Sharjah based natural gas company Dana Gas has announced its financial results for the first half of the year, ended June 30th 2018. The firm’s H1 net profit increased year-on-year to $24mn and to $50mn, a 117% increase, when excluding one off sukuk restructuring costs.
The second quarter net profit of $10mn was $2mn lower due to the one off sukuk restructuring costs; however, excluding these, the Q2 net profit was $36mn, a 200% increase year-on-year, demonstrating the improved underlying business performance. The sukuk restructuring has delivered a 50% reduction in sukuk profit rate to 4%, reducing annual debt service costs by an estimated 63%. The saving represents a strong improvement in the company’s financial position and along with increasing operating cash flows provides the basis for the firm’s planned annual dividend policy.
During H1, the company made major strides in delivering its transformational expansion in the Kurdistan Region of Iraq (KRI). The firm is on track with its initial debottlenecking project which is expected to increase production by 25% in Q3 of this year. Moreover, drilling for appraisal and development of the Khor Mor and Chemchemal fields has begun. KRI production is planned to increase by 170% by 2021 through the installation of two 250 million standard cubic feet per day (MMscf/d) gas processing trains, increasing production of gas and condensate by 580 MMscf/d and 20,000 barrels per day respectively. The Kurdistan Regional Government has paid regularly and on time and there are no current outstanding receivables.

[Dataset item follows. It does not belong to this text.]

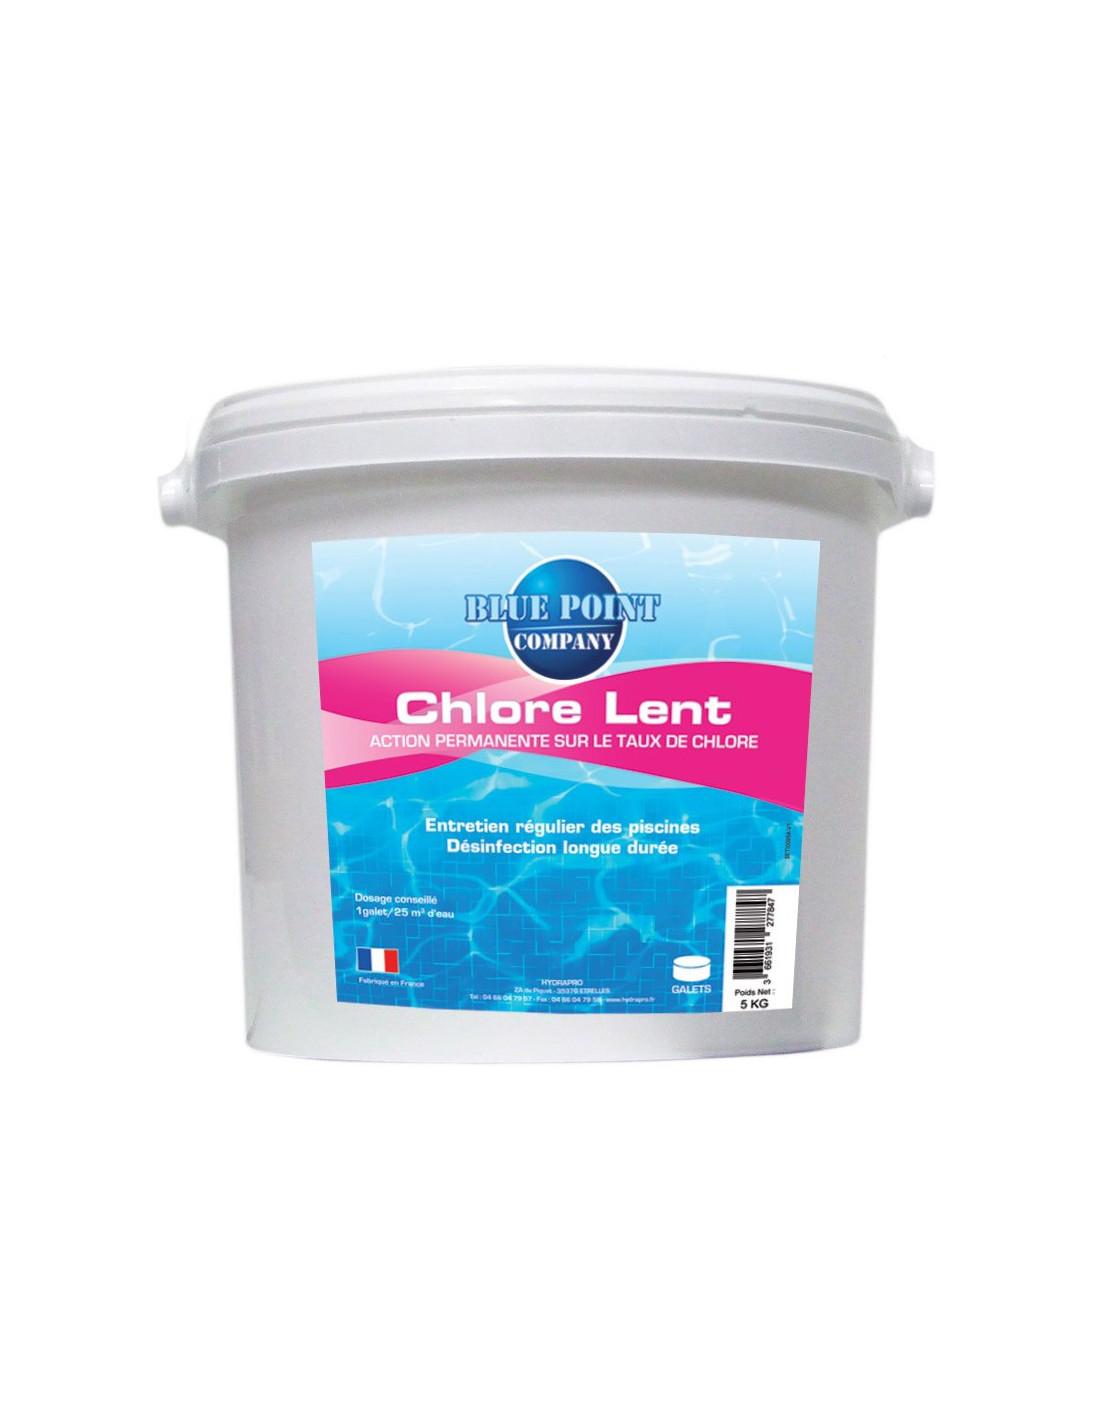 hydrapro chlore lent galets 1kg hyper brico. Black Bedroom Furniture Sets. Home Design Ideas

Dr Patrick Allman-Ward, CEO of Dana Gas, said:
“We have delivered a strong financial performance with profits up to $24mn and up to $50mn excluding one off sukuk costs, a 117% increase. The reduction in the sukuk profit rate will improve the company’s financial positon and ability to fund future dividends. Operationally, it is an exciting time for the company. This is especially so in the KRI where we are on track with our debottlenecking project, which is expected to increase production by 25% in Q3, and underway with our larger expansion programme, which will deliver a production increase of 170% by 2021.”